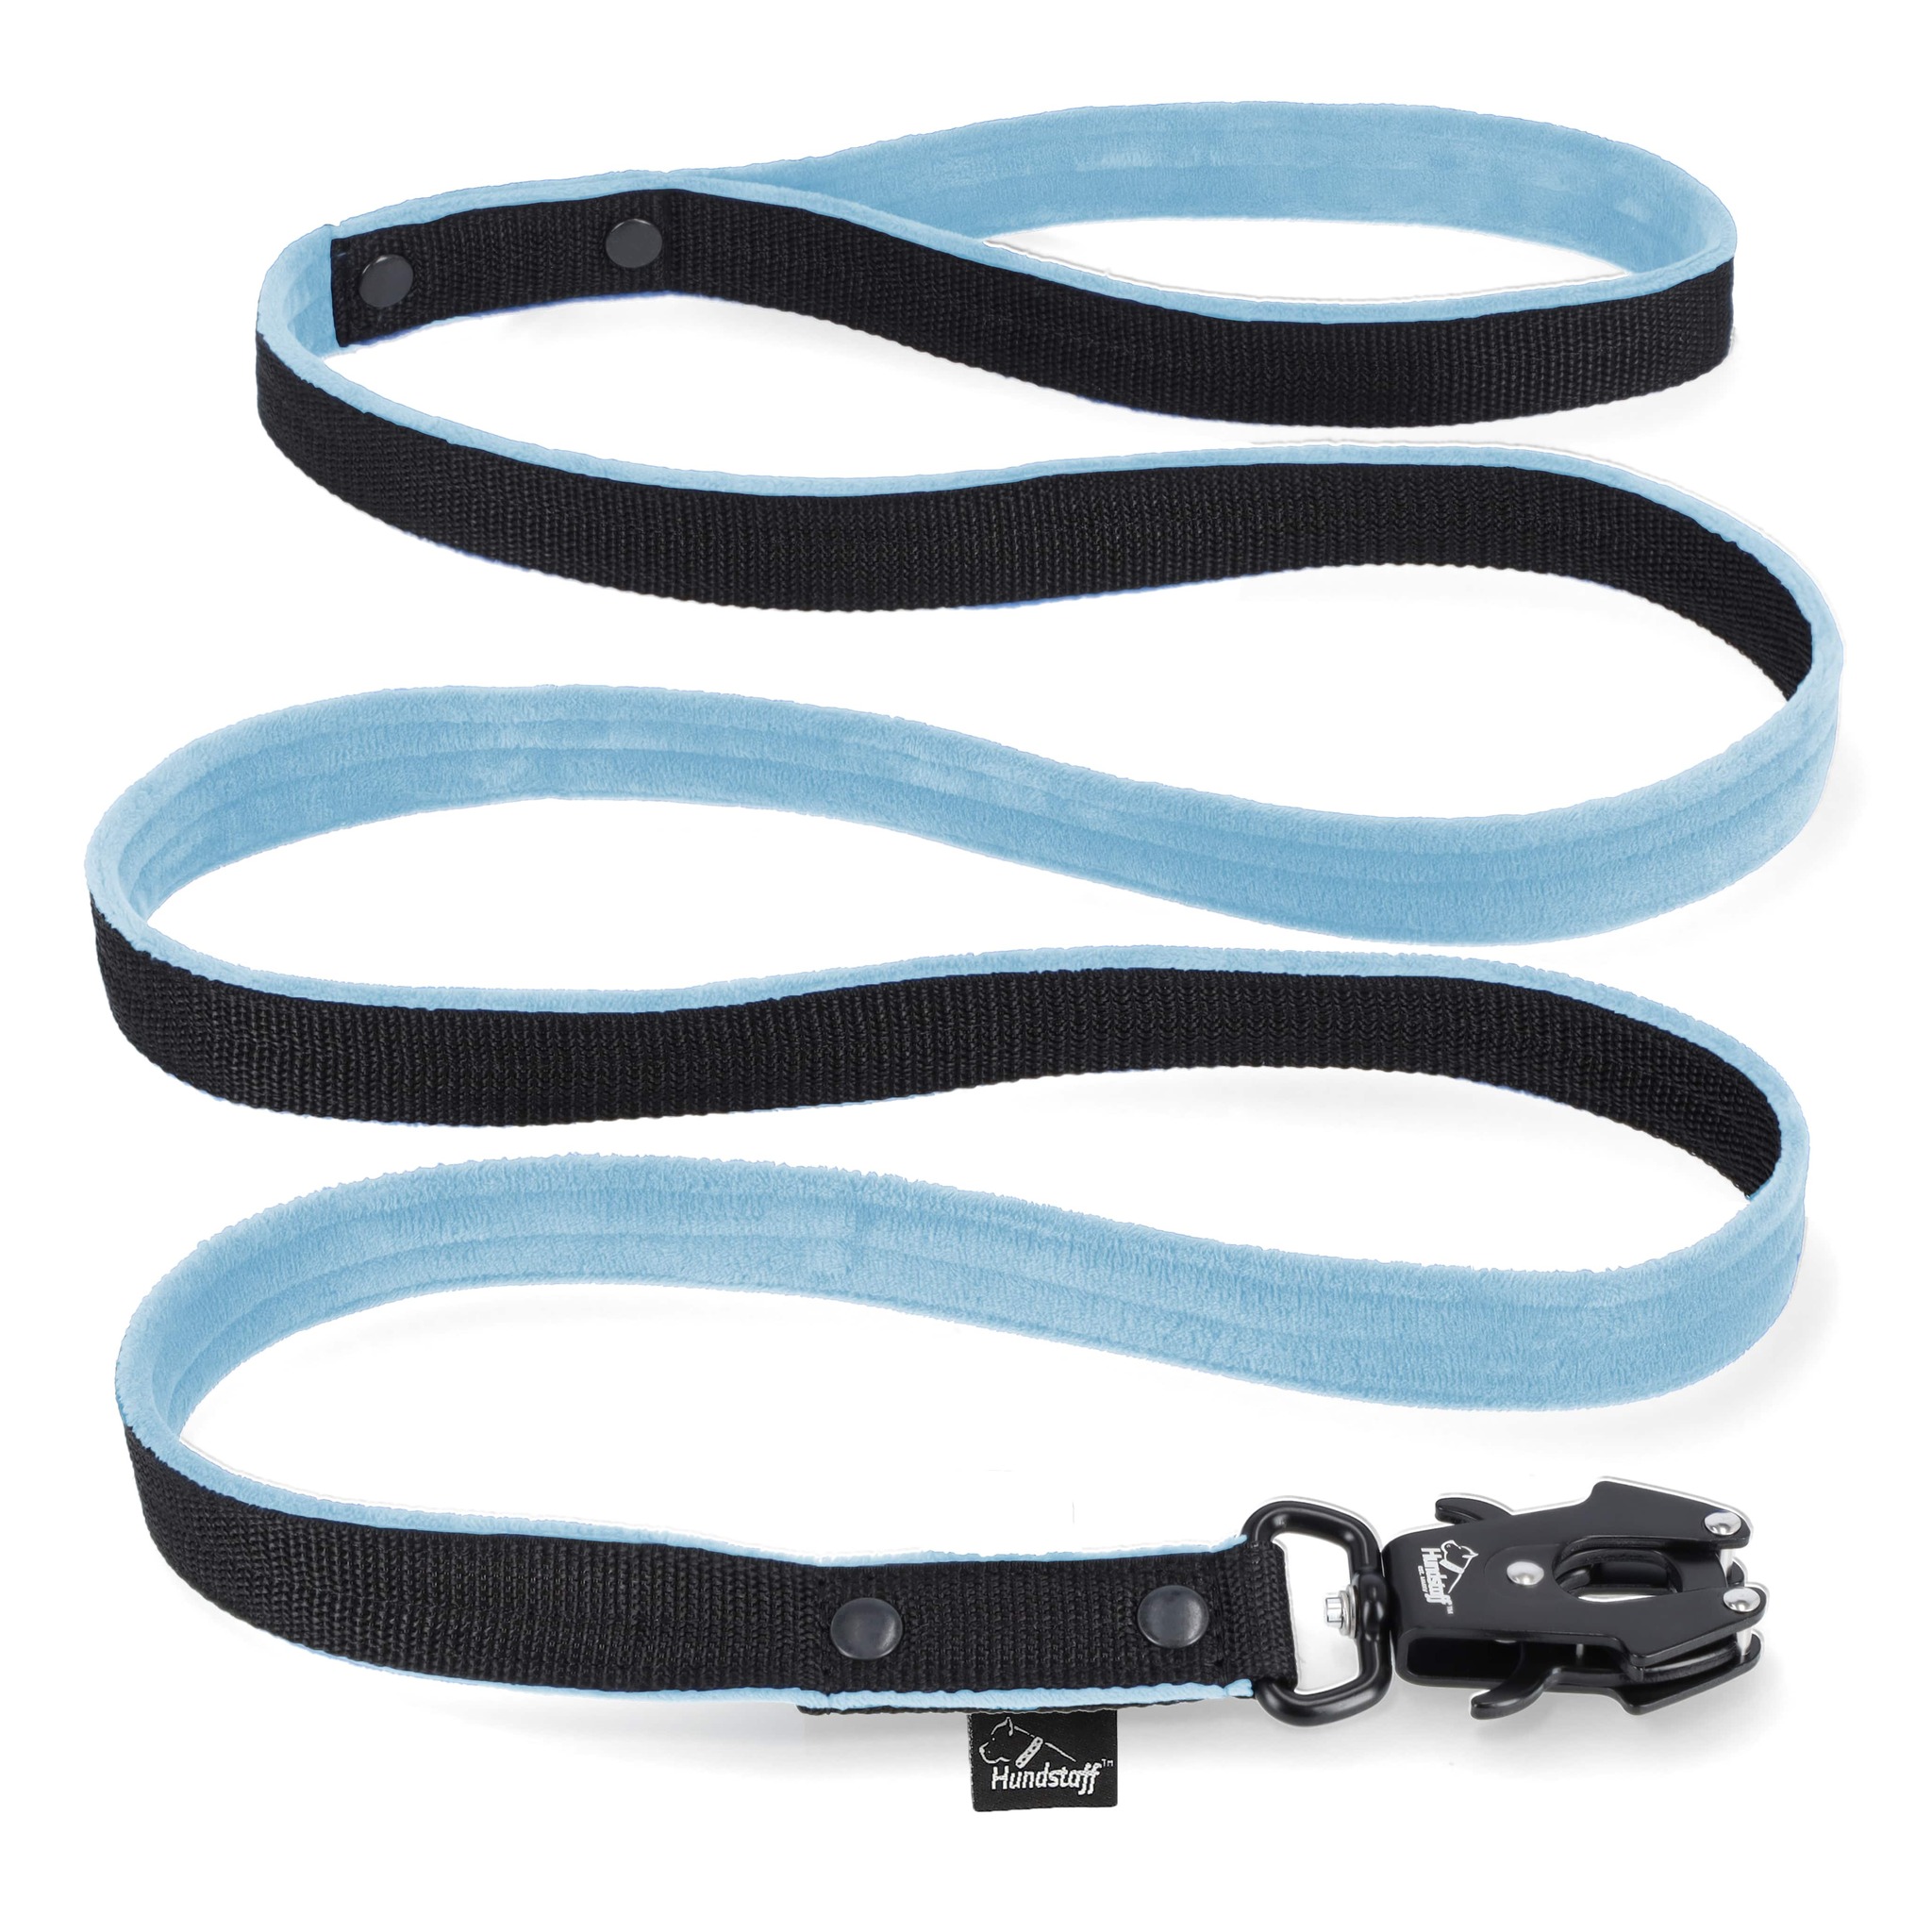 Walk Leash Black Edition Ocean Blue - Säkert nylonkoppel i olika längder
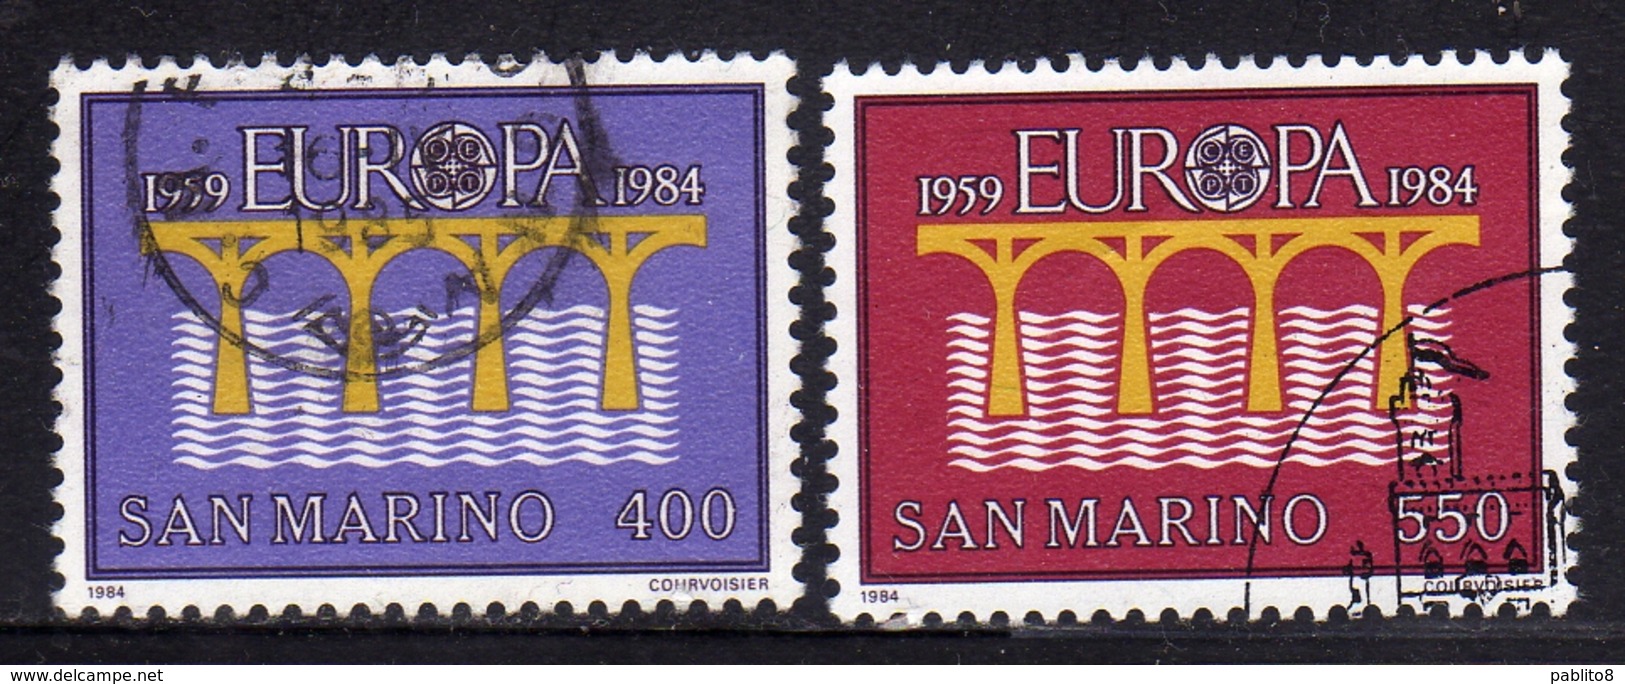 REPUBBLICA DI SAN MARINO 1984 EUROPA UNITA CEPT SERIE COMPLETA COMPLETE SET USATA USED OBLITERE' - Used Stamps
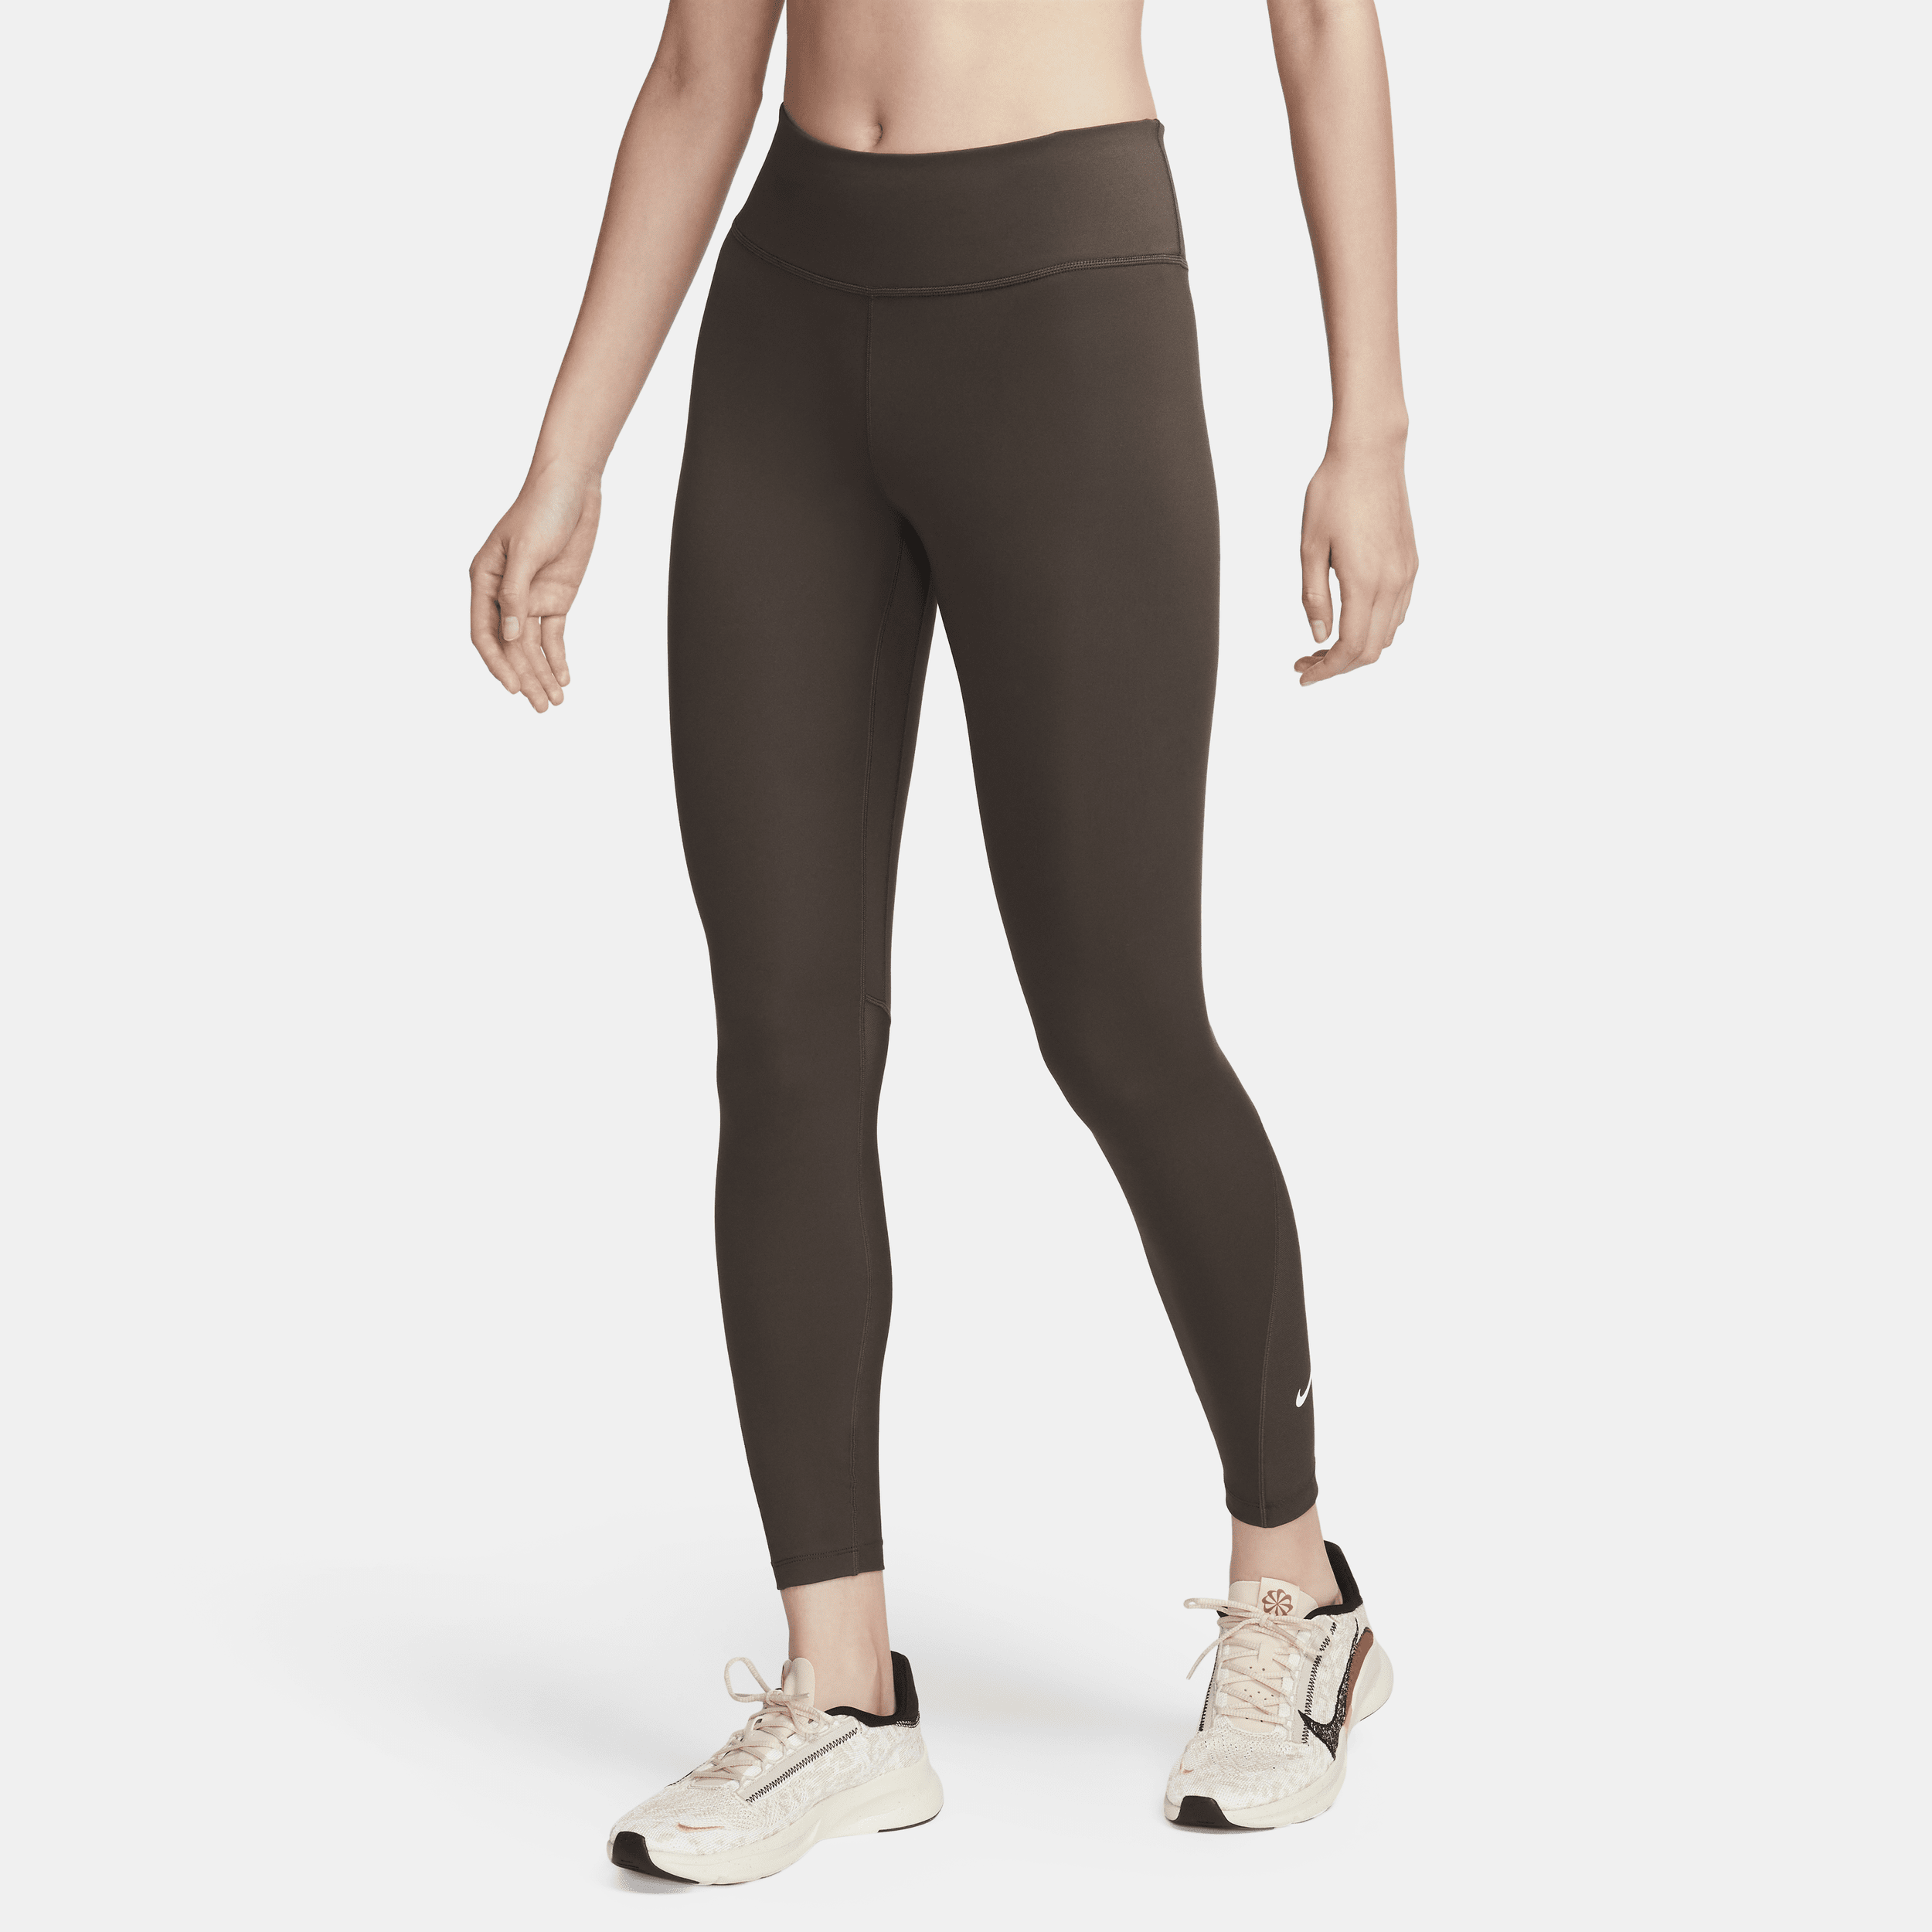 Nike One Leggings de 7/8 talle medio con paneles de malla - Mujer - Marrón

■ ■ ■ ■

== Your task ==
Starting with the line that contains "REPUBBLICA DI SAN", repeat each line exactly until the listing ends, including the last one. Leave pictures out.

== Answer box ==
 REPUBBLICA DI SAN MARINO 1984 EUROPA UNITA CEPT SERIE COMPLETA COMPLETE SET USATA USED OBLITERE' - Used Stamps
 Nike One Leggings de 7/8 talle medio con paneles de malla - Mujer - Marrón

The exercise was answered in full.